Vittaya Samrej
- Country (sports): Thailand
- Born: 18 February 1964 (age 62)

Singles
- Career record: 2-3 (Davis Cup)
- Highest ranking: No. 963 (10 September 1990)

Doubles
- Career record: 21-13 (Davis Cup)
- Highest ranking: No. 789 (14 May 2001)

= Vittaya Samrej =

Thai tennis player and coach

Vittaya Samrej (born 18 February 1964) is a Thai tennis coach and former professional player. As of 2020 he is team captain of Thailand's Davis Cup team.

Samrej had a record 18-year long Davis Cup career playing for Thailand, featuring in 37 ties between 1985 and 2002, mostly as a doubles specialist. He won 21 doubles rubbers in total, which is a former Thai record. His two singles wins both came in a 1997 tie against Hong Kong.

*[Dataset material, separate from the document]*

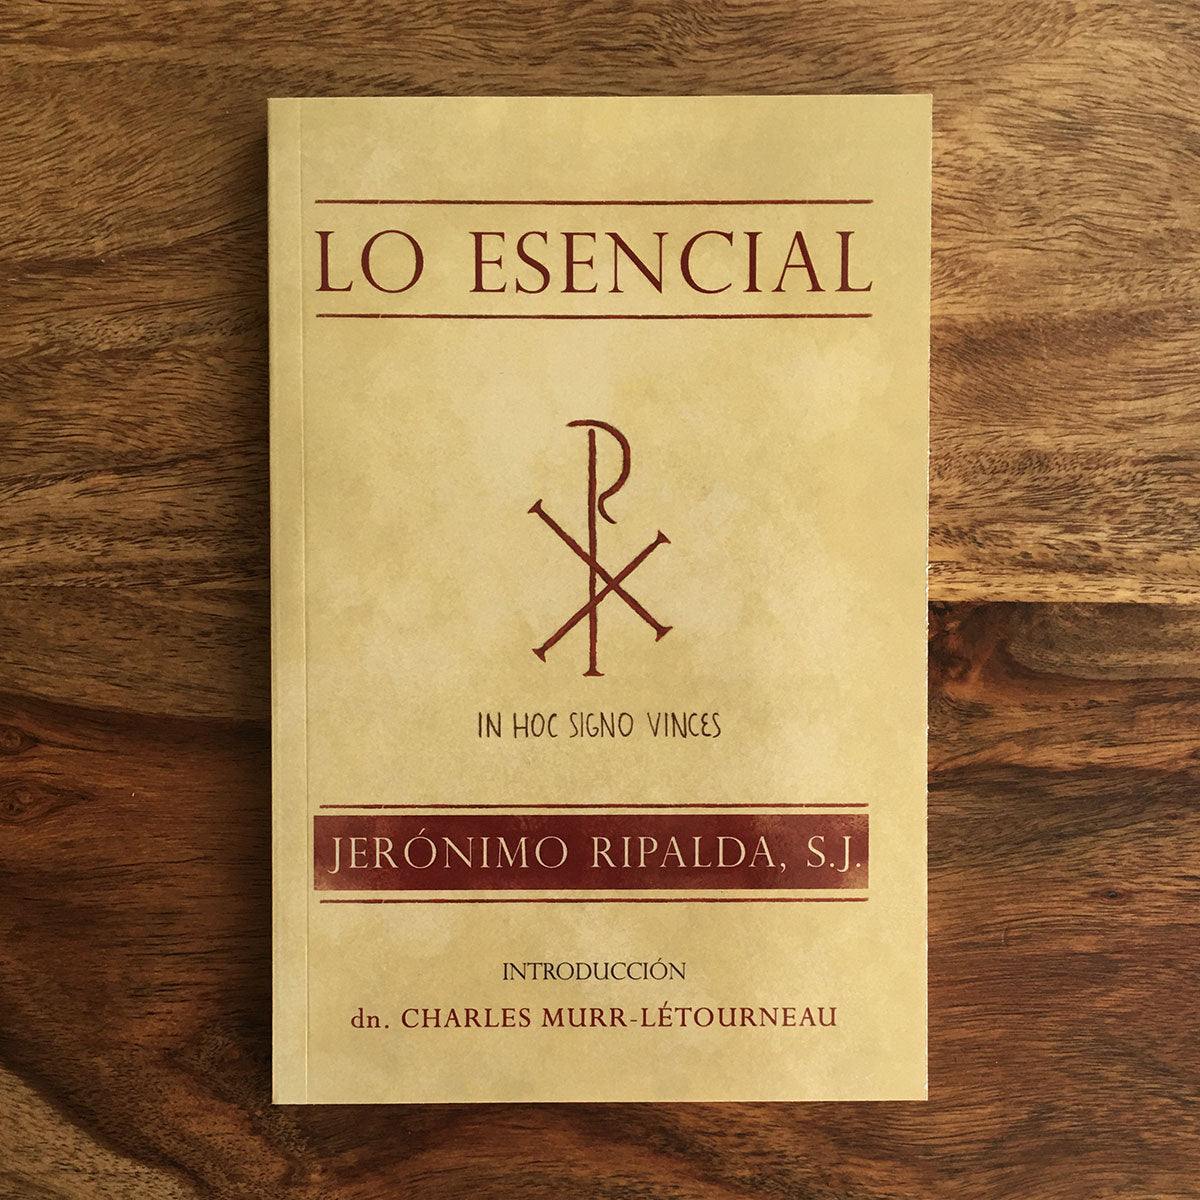 Lo Esencial: Catecismo de la doctrina cristiana - P. Jerónimo Ripalda S.J.

A regular participant in the Southeast Asian Games, Samrej has won numerous medals, including three doubles gold medals. He won a further four gold medals for his country in the team event.

Samrej won a team bronze medal at the 1986 Asian Games, then a mixed doubles bronze at the 1990 Asian Games.

His son, Kasidit Samrej, is a Davis Cup player for Thailand.